Hayes first encountered WorkKeys at a conference in 2008. “I had complained to city officials about the poor quality of workers in Elgin, so of course they put me on the Workforce Development Committee,” he recalls. He was so impressed that he organized area business and community leaders to make the assessments available to the local population.

Thanks to a donation from United Way, the three main WorkKeys assessments are now available free of charge at Elgin Community College, and all local high school students graduate having taken those three assessments. The results: more than 2000 high school graduates with NCRCs, more than 15,000 people with NCRCs in Illinois, and a recent visit from Sen. Dick Durbin (D-Ill.) that, according to Hayes, “enabled us to meet with the State Board of Education, which will probably make the main assessments mandatory statewide.” Agencies and nonprofits that help those who are unemployed in Illinois are starting to use WorkKeys as a way to help people return to the workforce.

An expanding program

Hayes hopes that state of Illinois will soon join 40 other states and cover the cost of the WorkKeys assessments. “Over 70 businesses in Elgin recognize the NCRC,” he says, “and there is no reason every manufacturing community in Illinois can’t be the same.”

Scianna thinks that WorkKeys “is at a tipping point.

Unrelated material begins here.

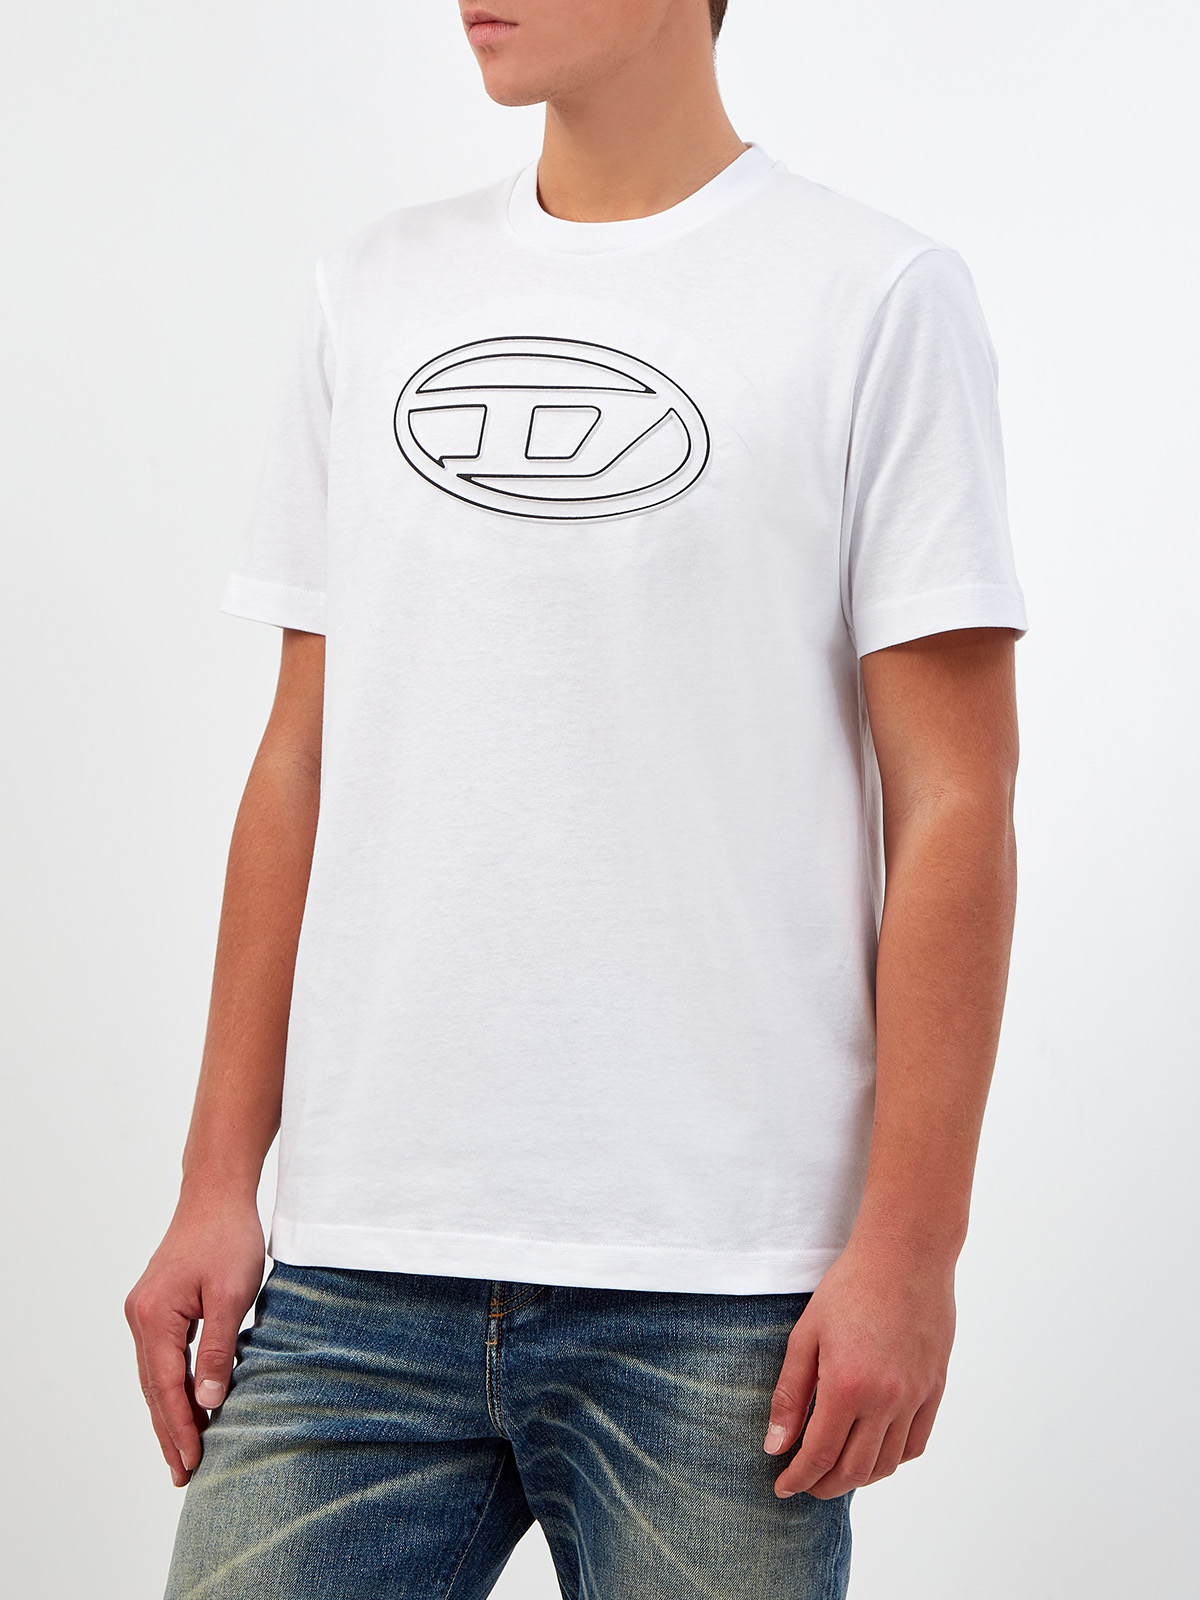 Хлопковая футболка T-Just с макро-логотипом Oval D DIESEL, цвет белый, размер S;M;L;XL;2XL;3XL - фото 3

We currently have over 1.2 million registered NCRCs in our system, and we think we can register 3 million a year by 2013.” He acknowledges that ACT has not marketed WorkKeys aggressively, but also notes that employers promote it better than anyone else. “When they include ‘NCRC recommended’ or ‘We encourage applicants to participate in WorkKeys’ on job-related materials, they find that applicants take the assessments,” he says.

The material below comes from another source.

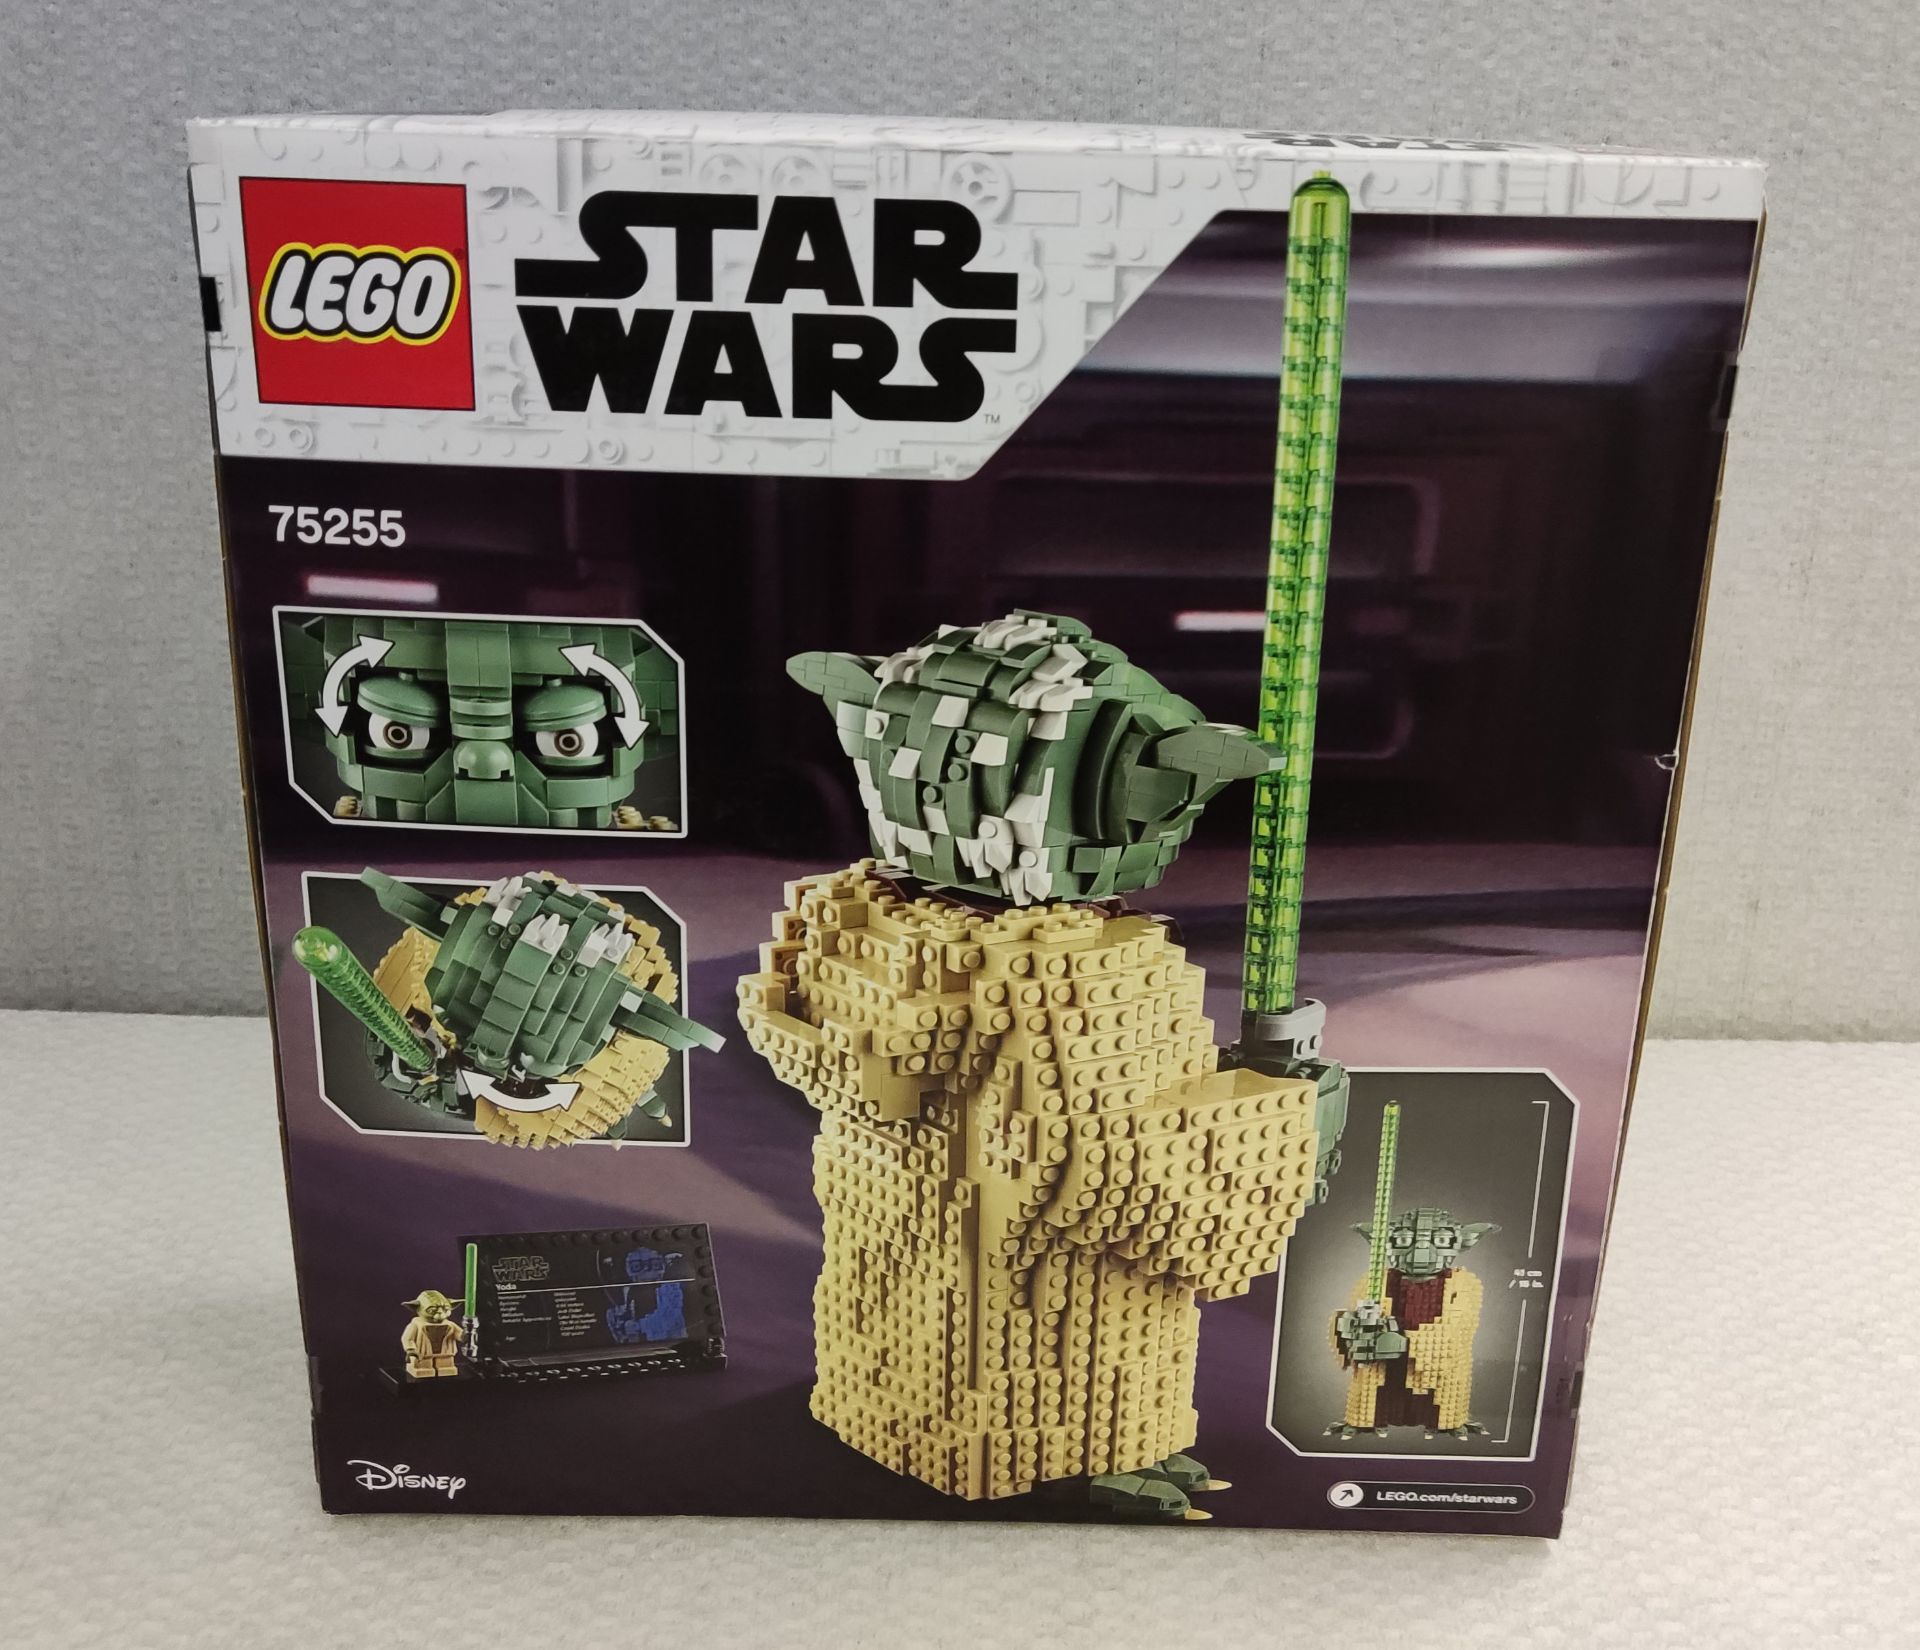 1 x Lego Star Wars Yoda - Model 75255 - New/Boxed - Image 3 of 7

Hayes emphasizes that manufacturers in an area can easily work together to promote WorkKeys (as he and fellow manufacturing executives in Elgin did) so that the local workforce can provide the skilled employees they need.

And the time to do so is now, say Hayes and Scianna. “2010 was the first year that the U.S. didn’t lead the world in manufacturing,” says Scianna, “and yet 80 percent of manufacturers say that they could produce more if they had enough qualified workers.” The potential workers are there, he insists— they just need the type of direction that WorkKeys provides. Hayes agrees. “I don’t believe that we’re just a service industry nation. We can be the global leader in manufacturing for years to come.”

Michael Lotti is a freelance writer based in St. Paul, Minn.